### DATASET EXCERPT
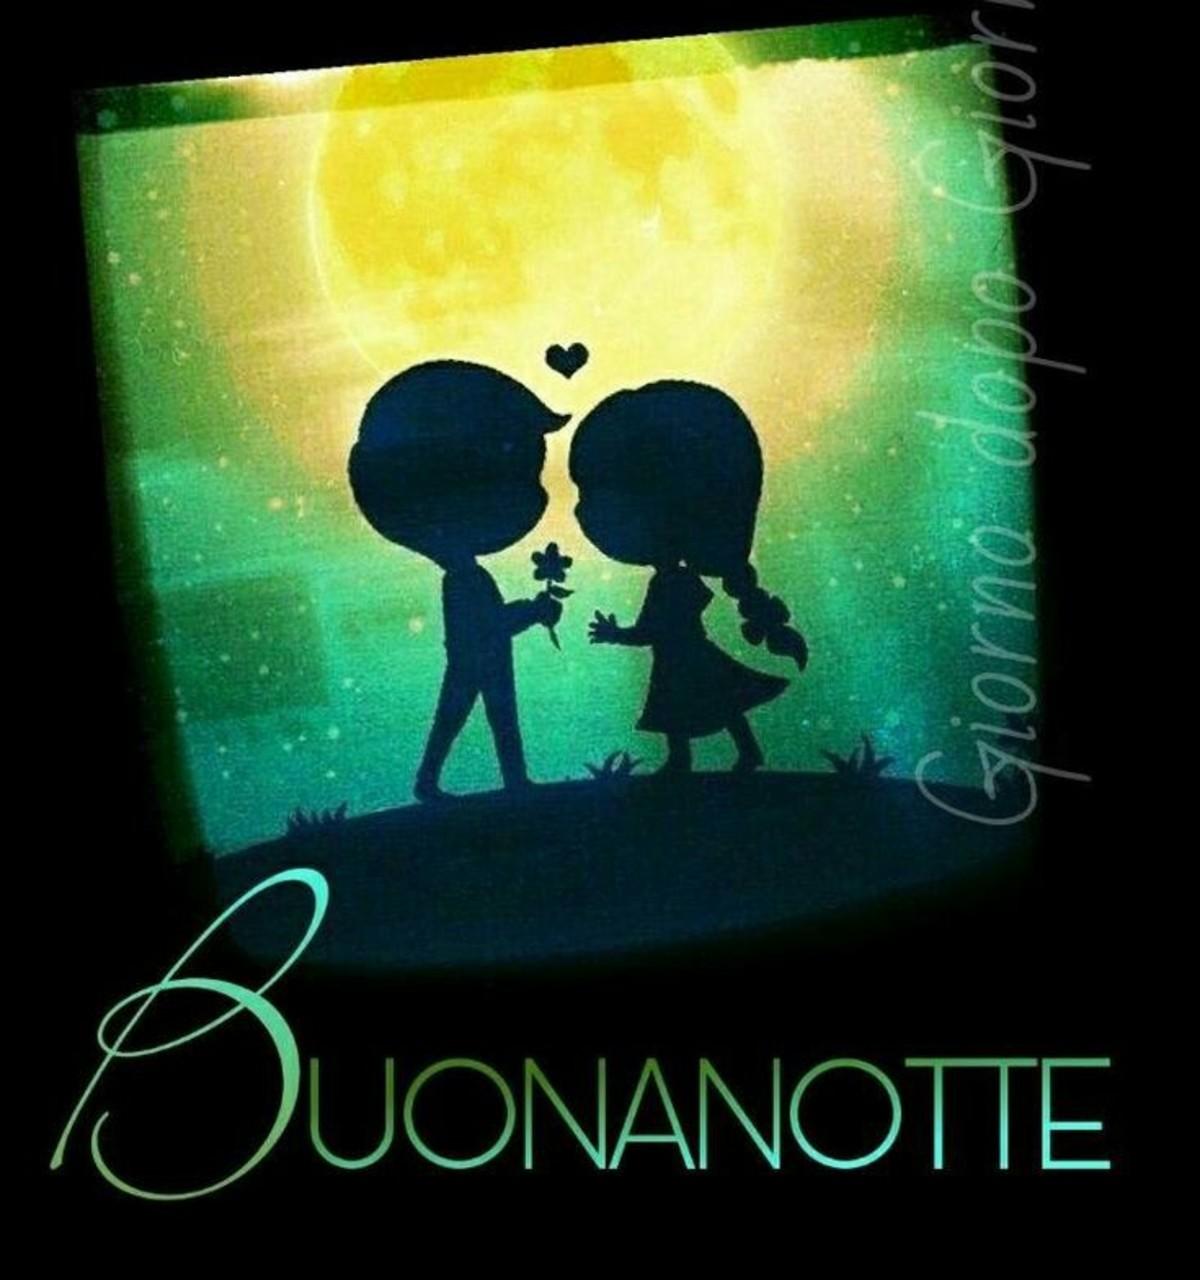 Immagini romantiche Buonanotte 2756
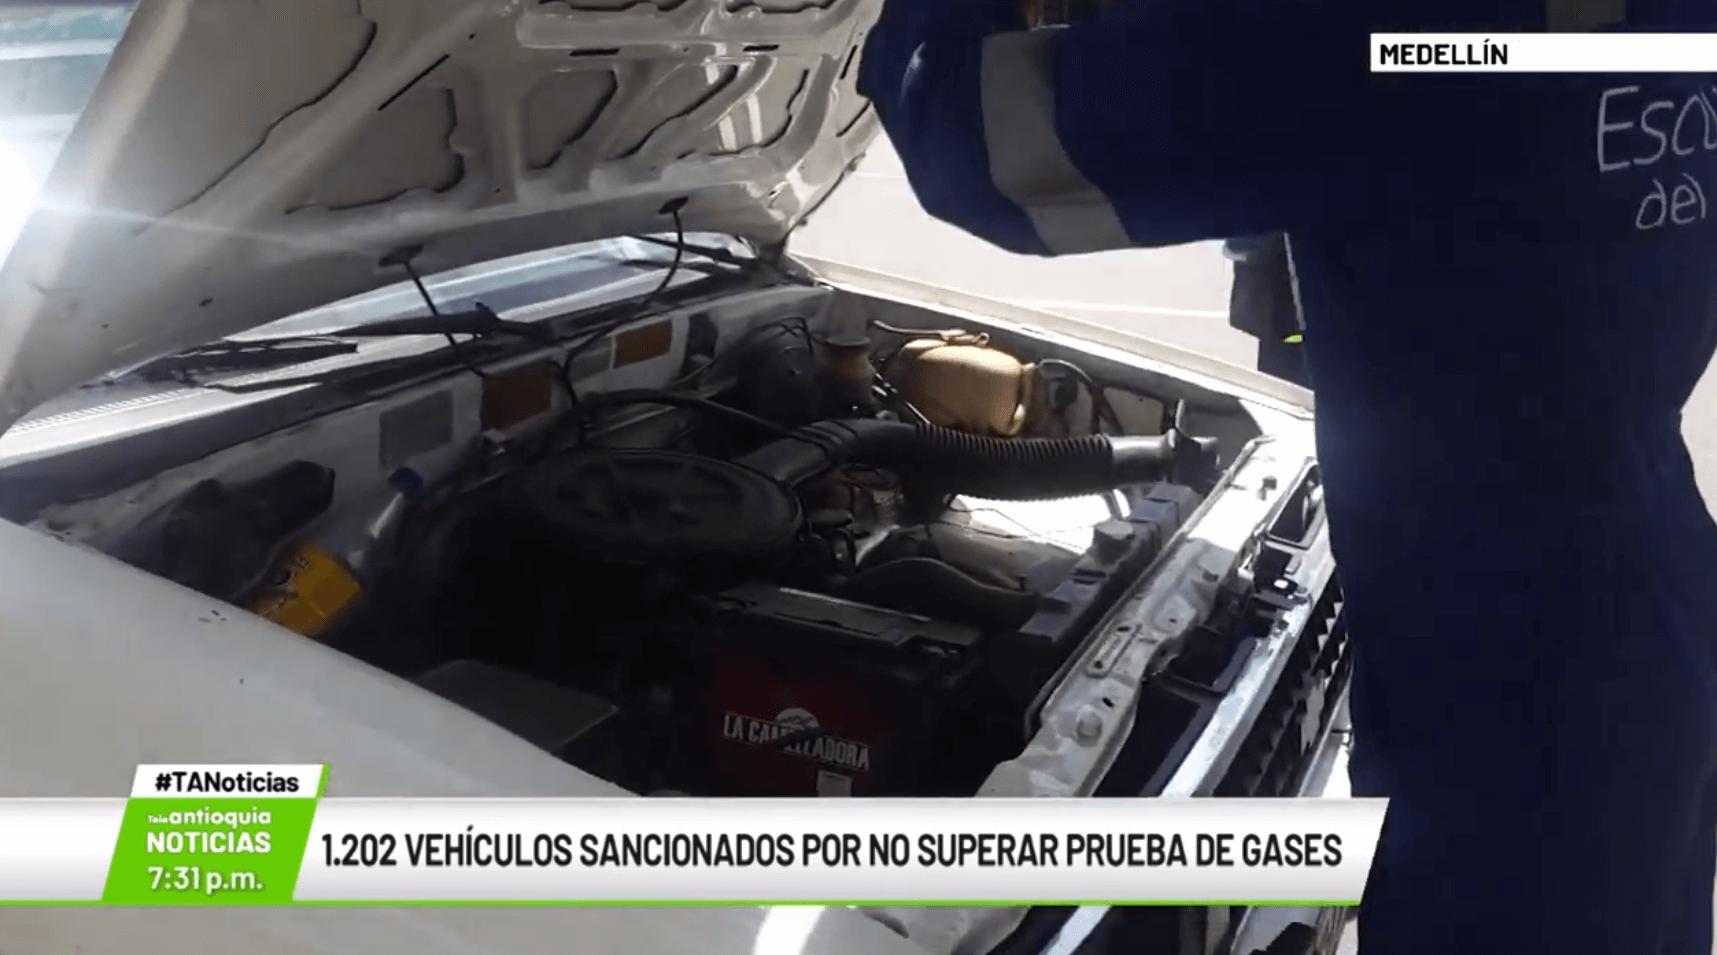 1.202 vehículos sancionados por no superar prueba de gases
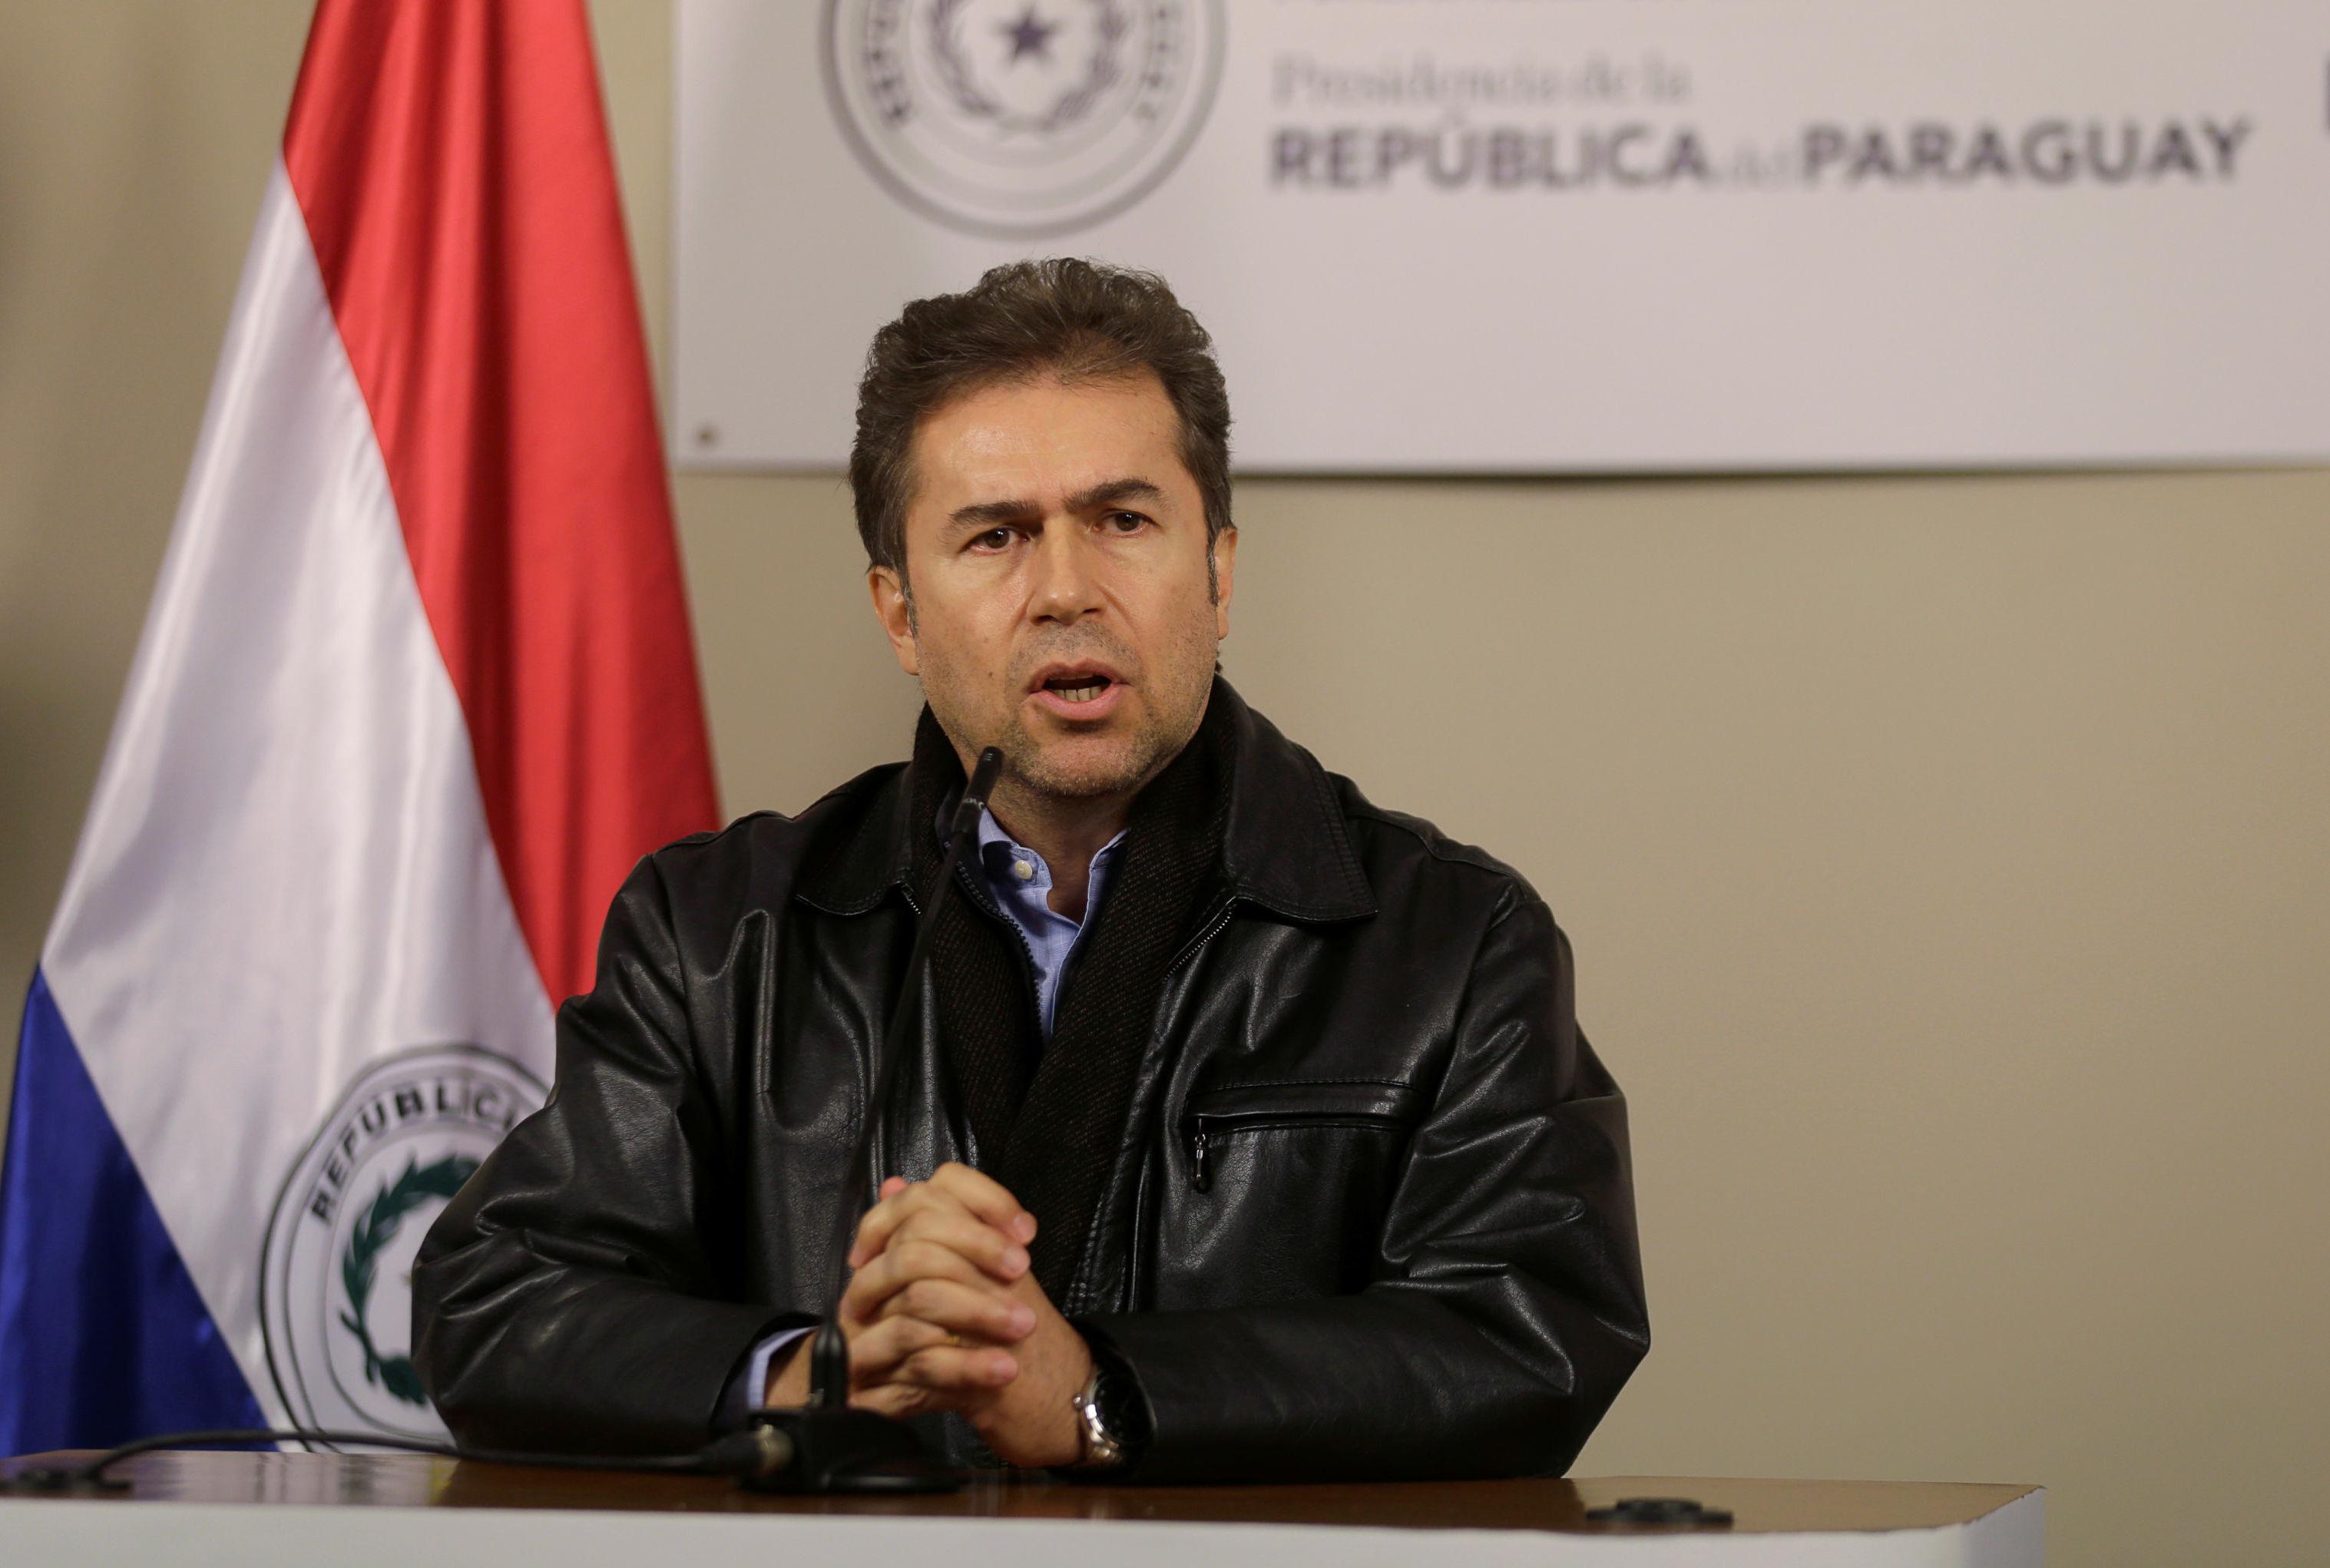 Luis Alberto Castiglioni, ministro das Relações Exteriores do Paraguai, durante coletiva de imprensa em Assunção, capital do país, em 28 de julho de 2019

### REQUIREMENT
Copy each line above exactly, with no images.

### TASK SOLUTION
 Immagini romantiche Buonanotte 2756
 1.202 vehículos sancionados por no superar prueba de gases
 Luis Alberto Castiglioni, ministro das Relações Exteriores do Paraguai, durante coletiva de imprensa em Assunção, capital do país, em 28 de julho de 2019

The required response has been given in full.